The behavior of the program hasn’t changed, but it has been made more modular by separating the into different functions with their own purpose.

Why the extra function? Our function main has two primary components to it

  1. parsing arguments handed to the program
  2. generating the desired plots

But we’ve defined three functions above the main function: parse_arguments, create_plot, and create_plots.

If the functions in our file directly reflected the components in main we would only have the parse_arguments and create_plots functions. If we think about using these functions independently, however, a function which always takes in a list of filenames isn’t very convenient to use on its own. By defining the create_plot function, we have placed most of the plot generation work there, while allowing for a very simple definition of the create_plots function.

The importance of this design decision will be made clear in the next lesson.

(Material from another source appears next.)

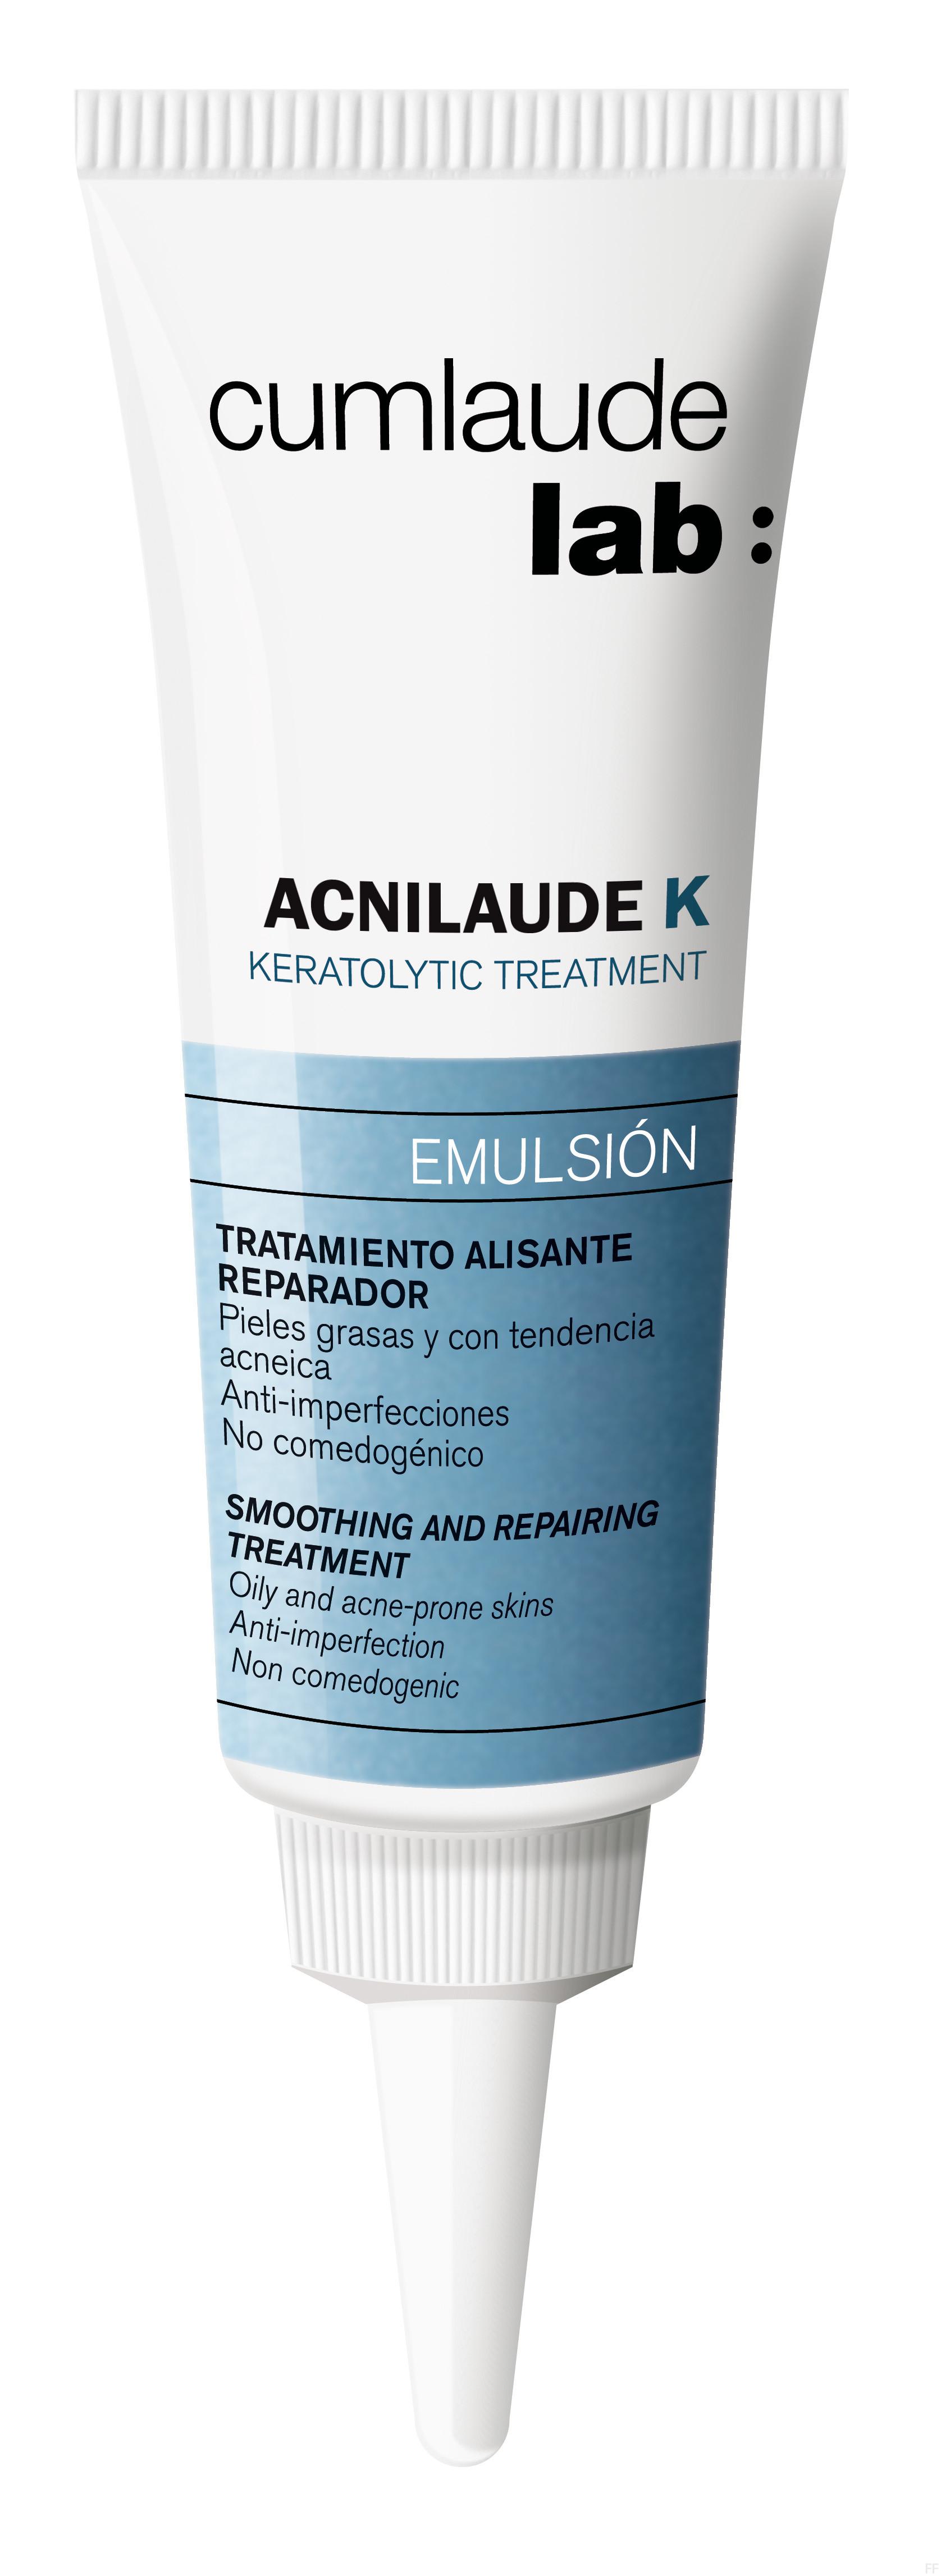 Cumlaude Acnilaude K Emulsión 30 ml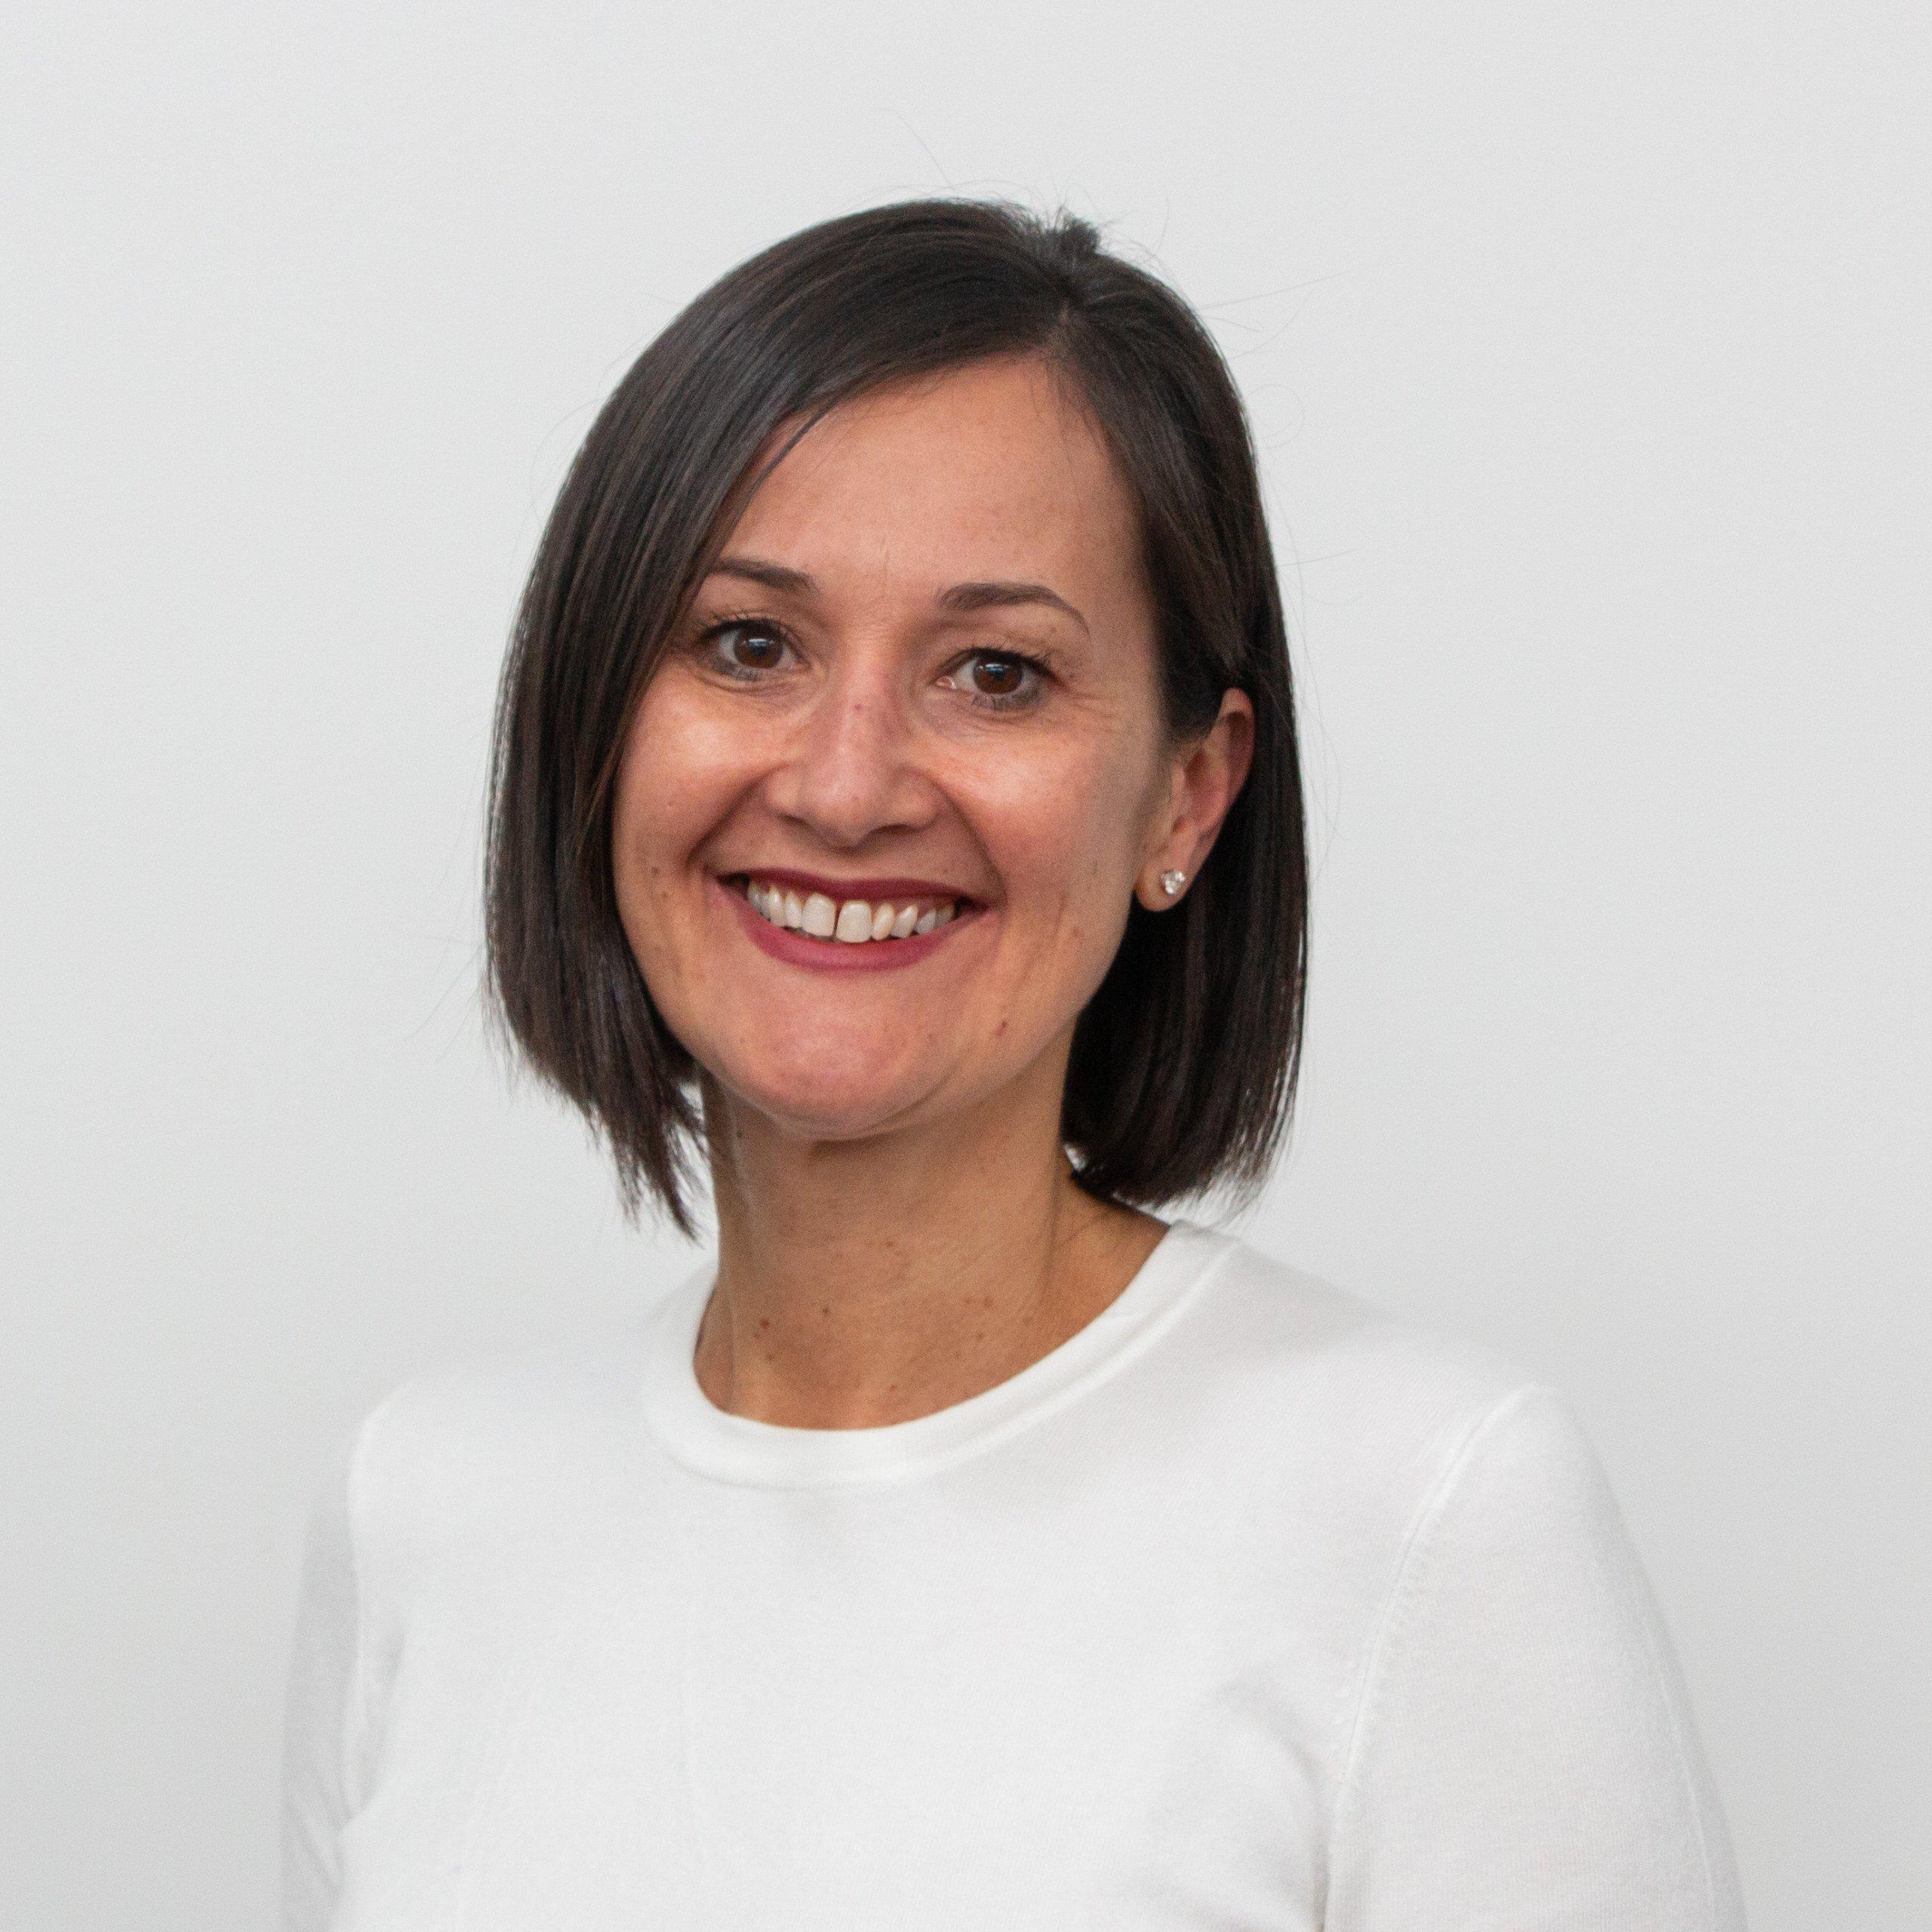 Karen Clancy

Before we commit we need to change our refactored_gdp_plot.py script to gdp_plot.py since we don’t want to keep two copies of this script around in our repo. We only made this as a separate script to make it easier to copy-paste. Once you’ve tested it, you can either rename refactored_gdp_plot.py script to gdp_plot.py or copy the contents of refactored_gdp_plot.py script to gdp_plot.py and delete refactored_gdp_plot.py.

Update the Repository

We haven’t changed the behavior of our program, but our code has changed, so let’s update the repository.

$ git add gdp_plots.py
$ git commit -m "Refactoring code."

Branching and Refactoring

To demonstrate that the behavior of our program hasn’t changed, try running it a few different ways using both the master and refactor branches. Remember that the command for checking out a branch is git checkout <branch_name>.

Now that we’re satisfied with our refactor. We can merge this branch into our master branch.

$ git checkout master
$ git merge refactor

Key Points

  • Refactoring makes code more modular, easier to read, and easier to understand.

  • Refactoring requires one to consdier future implications and generally enables others to use your code more easily.